Energy Accounting and Directionality in Thermodynamics (AP Physics 2, Unit 1)

First Law of Thermodynamics

What the First Law says (and what it’s really about)

The First Law of Thermodynamics is the energy-conservation rule for thermal systems. It tells you how to “keep the books” when energy moves into or out of a system as heat and work, and how that changes the system’s stored energy.

In everyday language: if energy enters a system (as heat) or leaves/enters via mechanical interaction (work), the system’s internal energy changes accordingly. Nothing about energy is created or destroyed—thermodynamics just forces you to be explicit about how energy crossed the boundary.

The standard AP Physics sign convention is:

$\Delta U = Q - W$

Internal energy $U$ : the microscopic energy stored in the system (random translational/rotational/vibrational kinetic energy of particles, plus molecular potential energy).
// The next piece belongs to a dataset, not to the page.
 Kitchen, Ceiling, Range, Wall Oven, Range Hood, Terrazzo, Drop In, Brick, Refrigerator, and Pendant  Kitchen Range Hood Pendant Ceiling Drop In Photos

You typically don’t know $U$ itself—what matters is the change $\Delta U$ .
Heat $Q$ : energy transferred because of a temperature difference between the system and surroundings.
- $Q > 0$ means heat flows into the system.
- $Q < 0$ means heat flows out of the system.
Work $W$ : energy transferred by a force through a distance at the system boundary (often via expansion/compression against an external pressure).
- In this convention, $W > 0$ means the system does work on the surroundings (the system loses energy by doing work).
- $W < 0$ means the surroundings do work on the system (energy is added to the system via work).

This sign convention is one of the biggest sources of mistakes—always translate the physical story (“gas expands and pushes a piston”) into the sign (“system did work, so $W > 0$ ”).

Why it matters

The First Law is the bridge between “thermal” ideas (heat, temperature) and “mechanical” ideas (work, energy conservation). In AP Physics 2, it’s the foundation for:

Understanding how engines and refrigerators move energy around
Interpreting $P$ – $V$ processes (expansion/compression) using energy ideas
Recognizing which quantities depend on the path of a process (heat, work) versus only the state (internal energy)
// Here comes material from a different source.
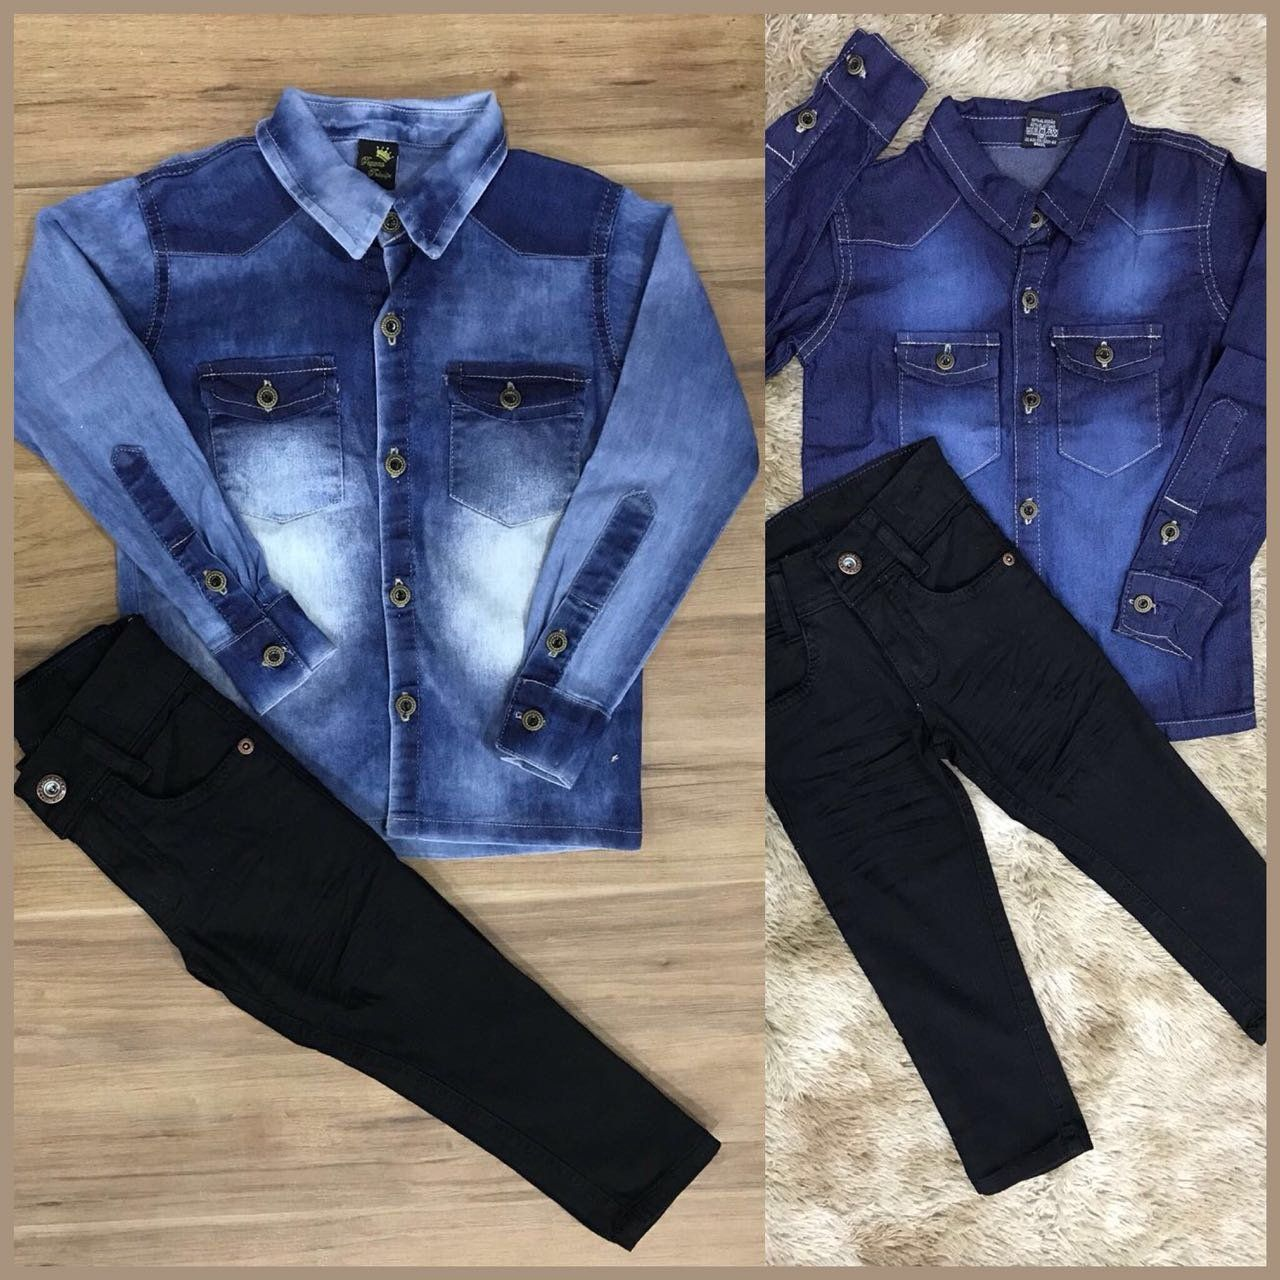 Calça Preta com Camisa Jeans Manga Longa

How it works: state functions vs. path-dependent quantities

A key conceptual leap is that internal energy is a state function, while heat and work are not.

A state function depends only on the current state (for example, pressure/volume/temperature for a gas). If you go from state A to state B, $\Delta U$ is the same no matter how you got there.
Heat $Q$ and **work** $W$ depend on the _process_ (the path) taken between A and B. Different paths can involve different amounts of heat transfer and work, even though $\Delta U$ ends up the same.
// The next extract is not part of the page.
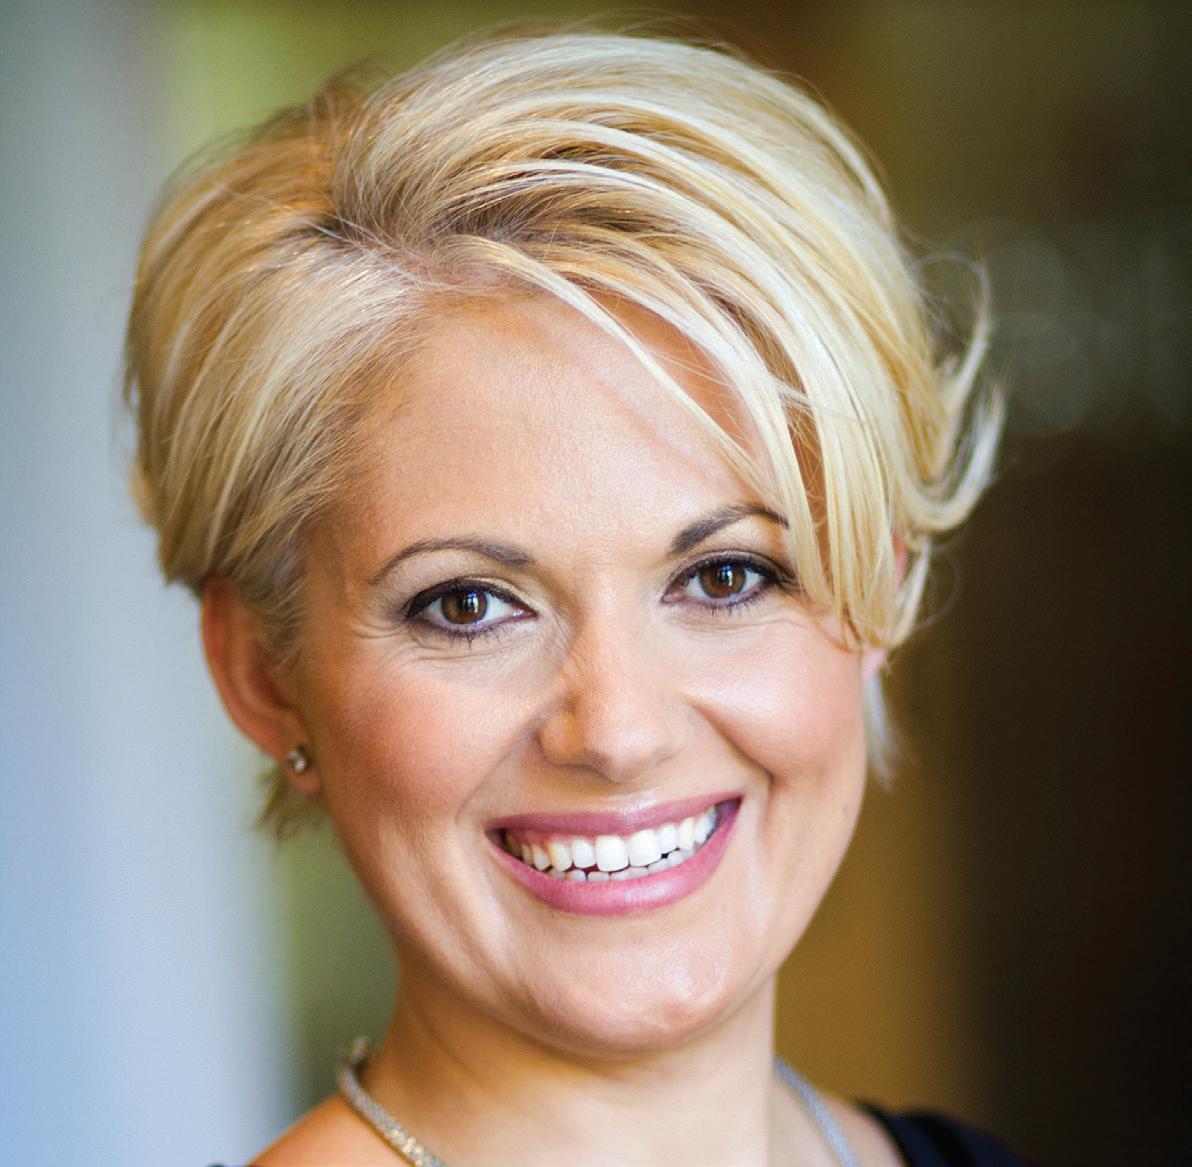 Mary Sartinas, Director, Affiliate Finance & Property

This is why the First Law is so useful: even if you can’t easily compute both $Q$ and $W$ , knowing one plus $\Delta U$ gives you the other.

Work in thermodynamic processes (especially gases)

In many AP problems, the “system” is a gas in a piston-cylinder. Mechanical work comes from expansion or compression.

For a quasi-static (slow, well-defined pressure) process, the work done by the gas is the area under the curve on a $P$ – $V$ graph:

$W = \int P\,dV$

AP Physics 2 is algebra-based, so you’ll most often use simple cases where $P$ is constant:

$W = P\Delta V$

If $\Delta V > 0$ (expansion), then $W > 0$ : the system does work.
If $\Delta V < 0$ (compression), then $W < 0$ : work is done on the system.

Even if you don’t compute the integral, you should interpret “area under the curve” conceptually: bigger pressure or bigger volume change means more work.

Connecting the First Law to special process descriptions

You’ll often see processes described by what is held constant. The First Law helps you translate those words into energy consequences.

Isochoric (constant volume)

If $\Delta V = 0$ , then

$W = 0$

So the First Law becomes:

$\Delta U = Q$

Meaning: any heat added goes entirely into changing internal energy (often raising temperature).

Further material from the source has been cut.